These days, your credit score is being utilized for a wide variety of purposes, some of which you in all likelihood never thought would even be close to being pertinent. As an example, some car insurance companies are currently utilizing a customer's credit score when they are determining the figure for how much car insurance premiums that they will charge you. The reason for this is because they supposedly have statistical reports which show that people with poorer credit scores make more claims on their policies. Of course there are various consumer advocate groups that are very much up in arms about this, but the insurance companies claim that statistics do not lie, so at this point anyway, that is still being applied as a factor.
Another really important place where your credit score is used is when you go to interview for a new job. In today's dismal economy and struggling job market, you need each advantage you can obtain, so now that you recognize that your credit score will in all probability be studied before they offer you the job, you might need to do some repairs on your credit score to ensure it is as high as it can possibly be.
One of the very common myths about maintaining a high credit score is that you should pay off and close as many of your credit card accounts as feasible. Actually, nothing could be further from a true statement. Remember, your credit score is dependent in large part upon your credit history, where the key word is "history". If you have had a particular credit card for numerous years and have a good payment history with them, it could actually lower your credit score to close that account because now that good payment history will be no longer be considered as an active component on your credit report.
Another common piece of misinformation about raising your credit score is that you should have as many of your credit card accounts as possible with a zero balance. Once again, this is a myth and is entirely inaccurate. Having credit available to you, as you would with an open account with a zero balance, is good, but your credit score is actually calculated to be higher if you are really using your account in good standing. In other words, you are utilizing the account and making payments on time, so you are showing responsible usage of credit privileges.
If you do not zero out your credit card balances at month end, that is not a problem but for the best reflection on your calculated credit score, you should endeavor to maintain your outstanding balance at approximately 20% to 25% of your credit limit. If your balance is more than that, chances are that it could reflect badly on your credit score since you could be perceived to be using credit too much, but keeping your outstanding balance between these ranges, again, depicts responsible usage of credit.

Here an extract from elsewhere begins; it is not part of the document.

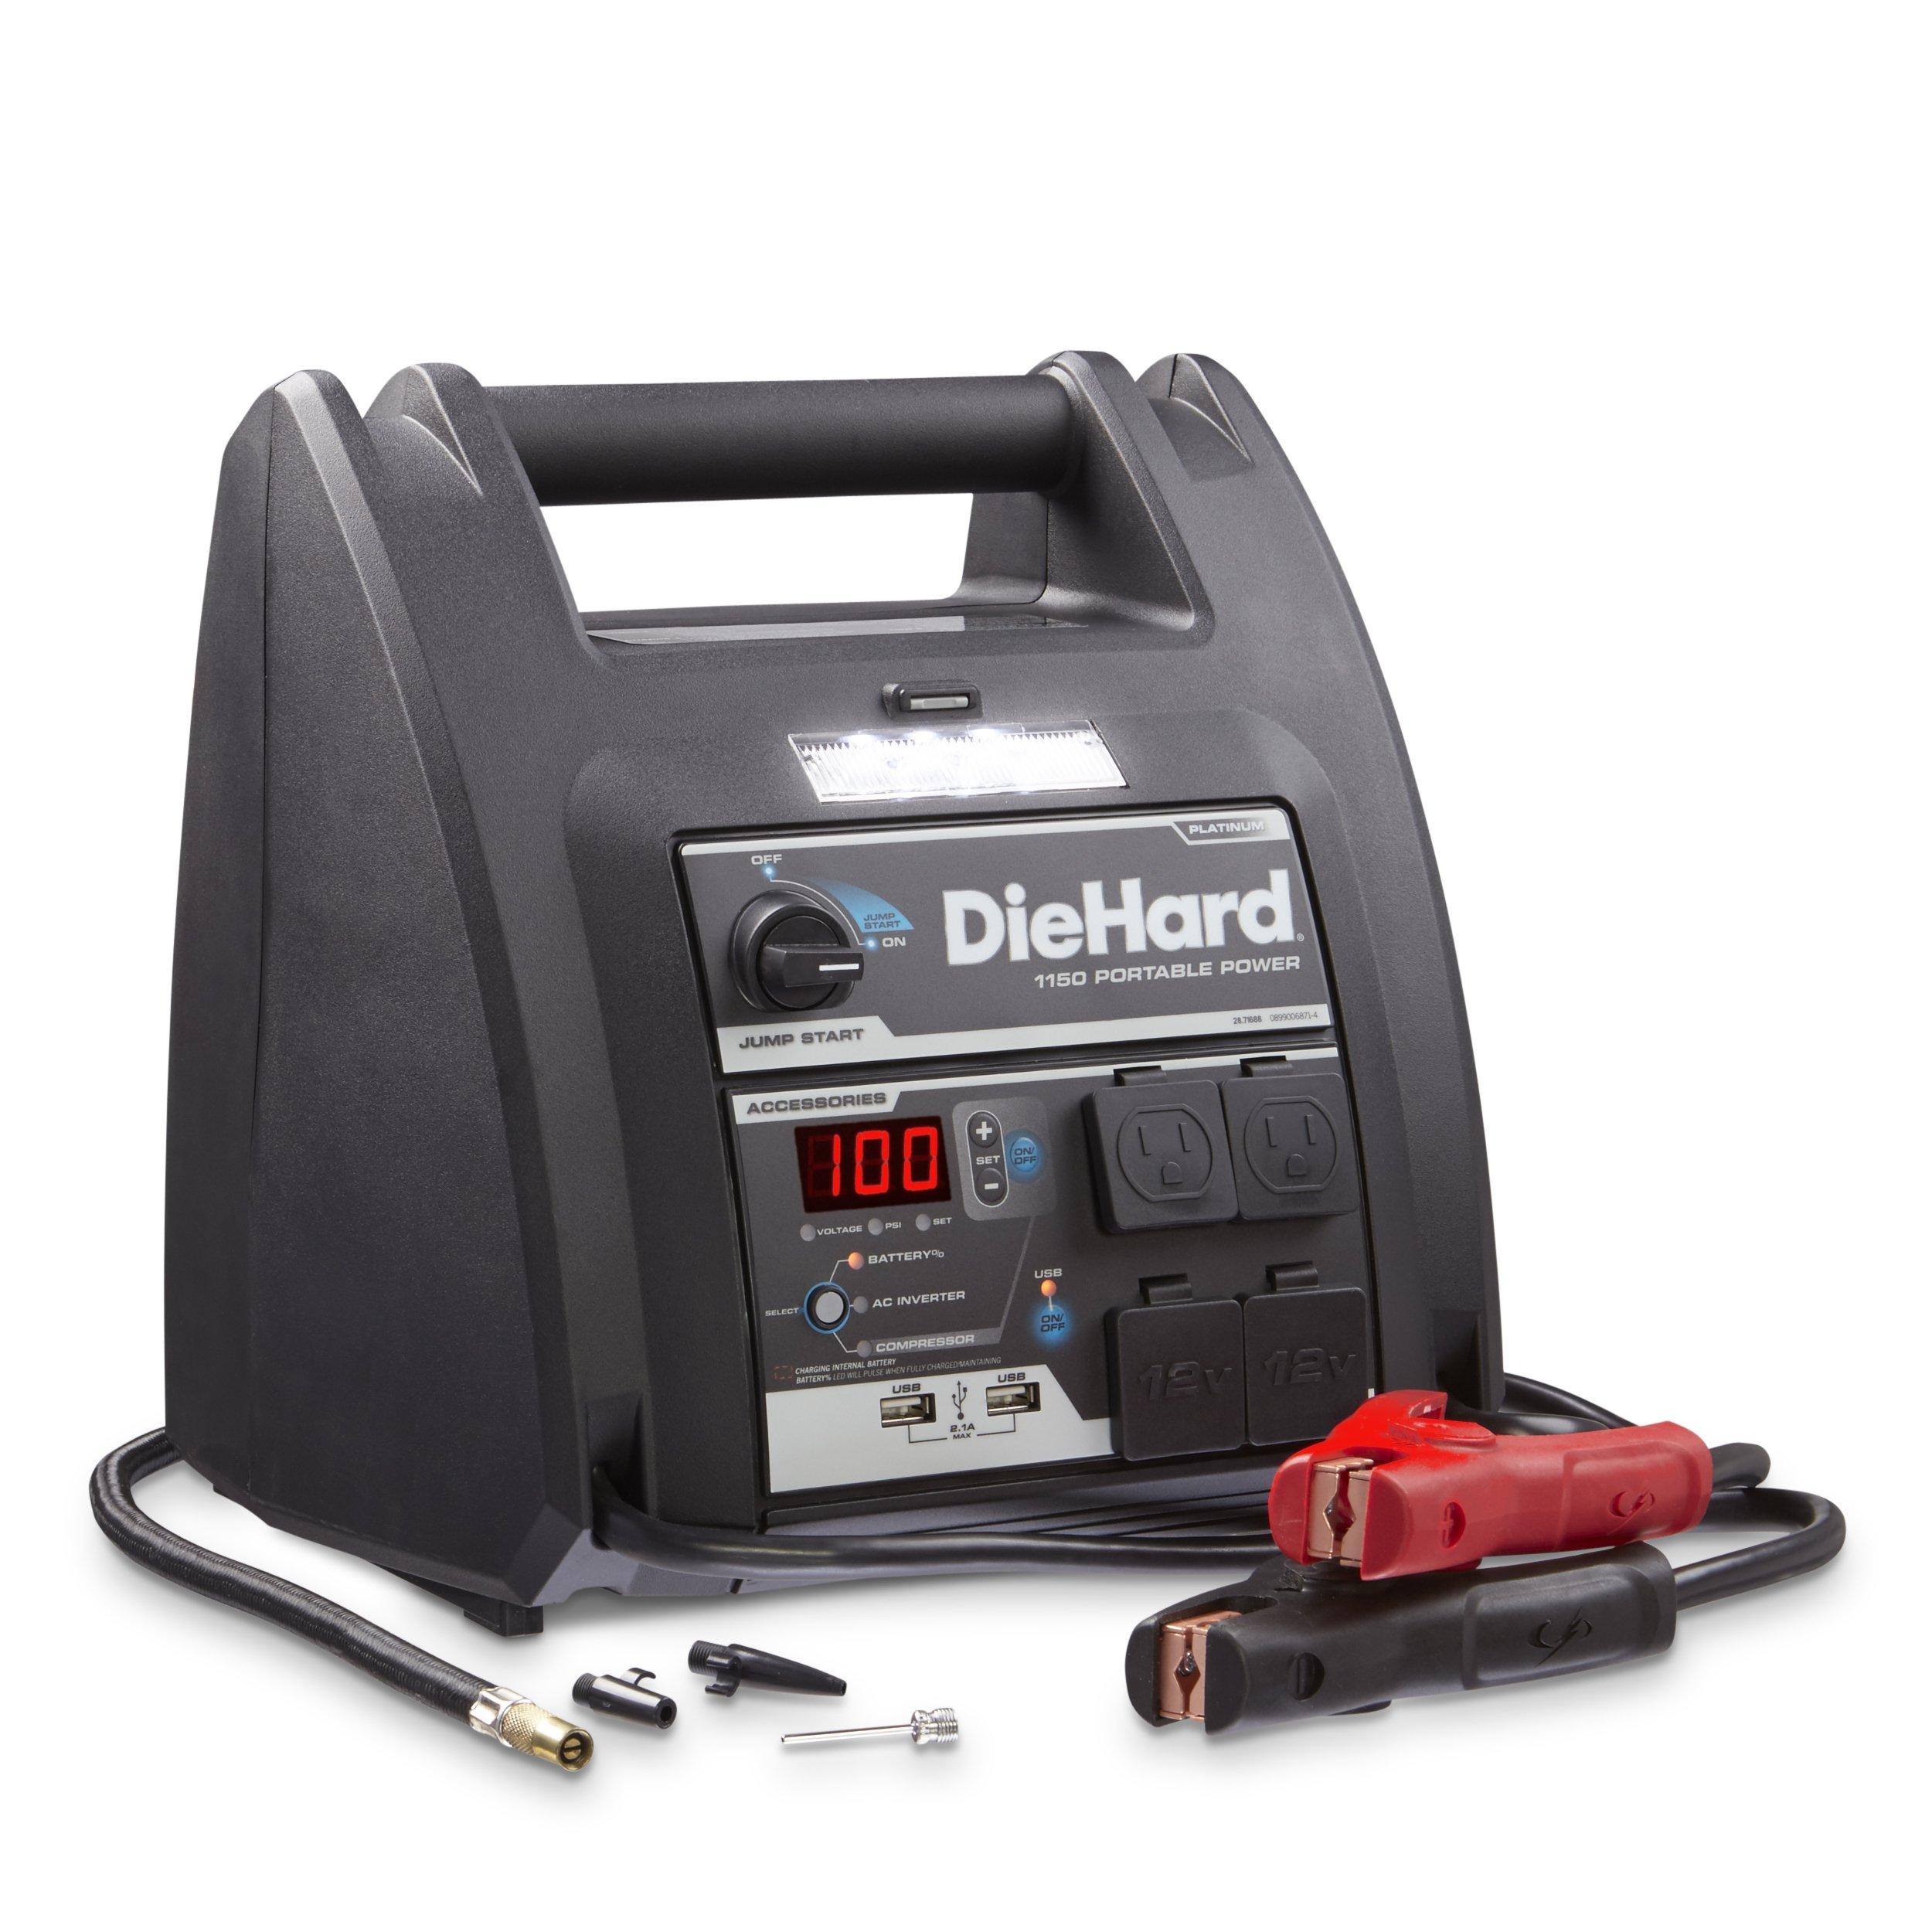 DieHard 1150

Lastly and most importantly, obtain a copy of your credit report at least once a year from each of the three major credit reporting agencies and go over them with a fine tooth comb. The majority of consumers have errors in their credit reports and do not even know it. Furthermore, these errors will not self-correct over time, but will remain on your report until you dispute them, which has the ability to lower your credit score. There is a correct way and a incorrect way to dispute errors, and if done wrong, the error will not be rectified.

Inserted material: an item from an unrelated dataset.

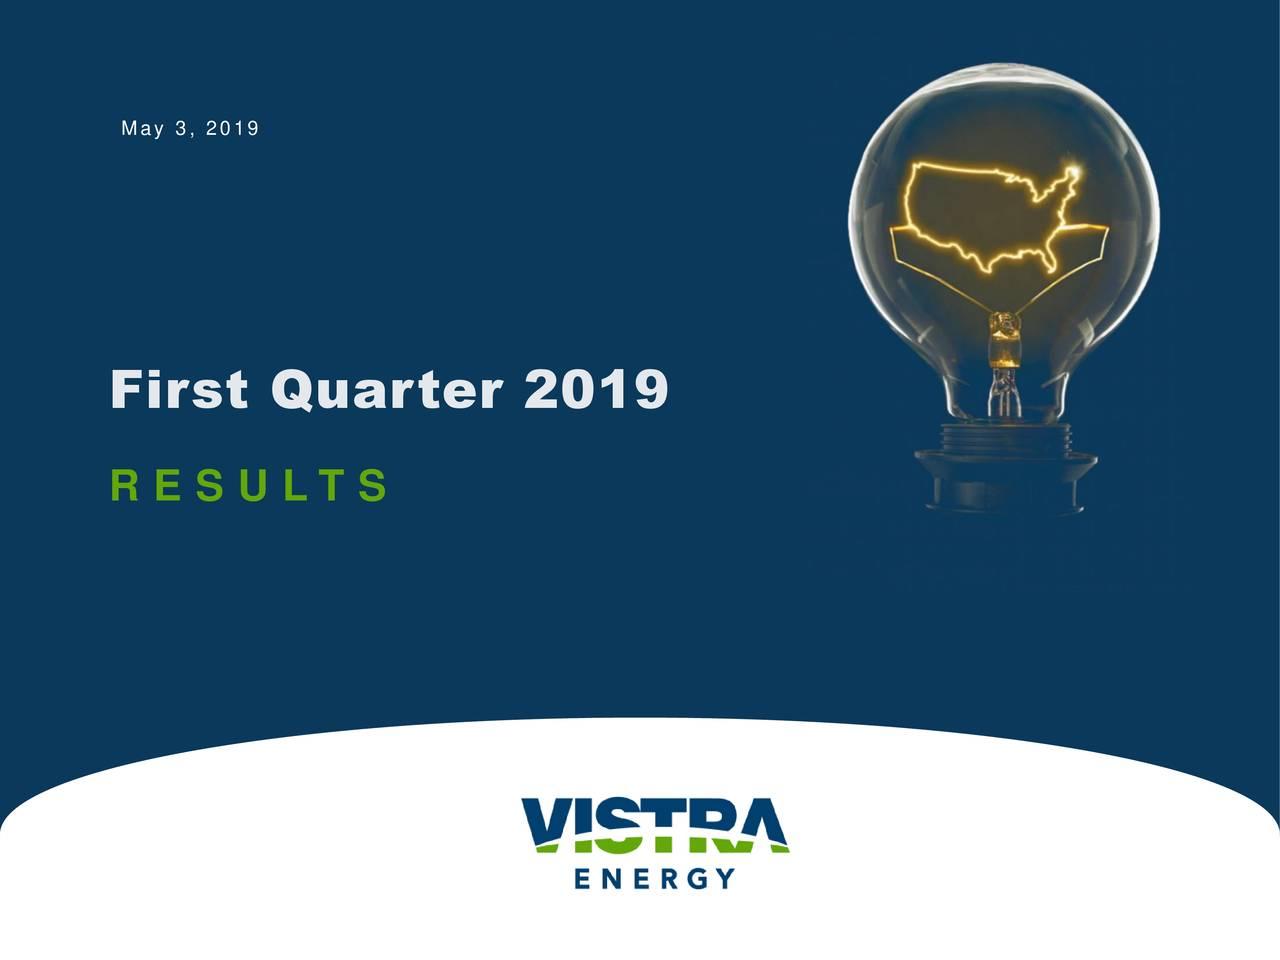 First Quarter 2019 R E S U L T S

Watch closely over your credit report so that your credit score will be as high as possible. This can give you an advantage in more areas of your life than you even thought it affected.
Your credit score is critically important to many areas of your life, probably more than you realize. In fact, having a low credit score could actually be costing you money! Find out how you can raise your credit score and why you should do so.Your credit score is critically important to many areas of your life, probably more than you realize. In fact, having a low credit score could actually be costing you money! Find out how you can raise your credit score and why you should do so.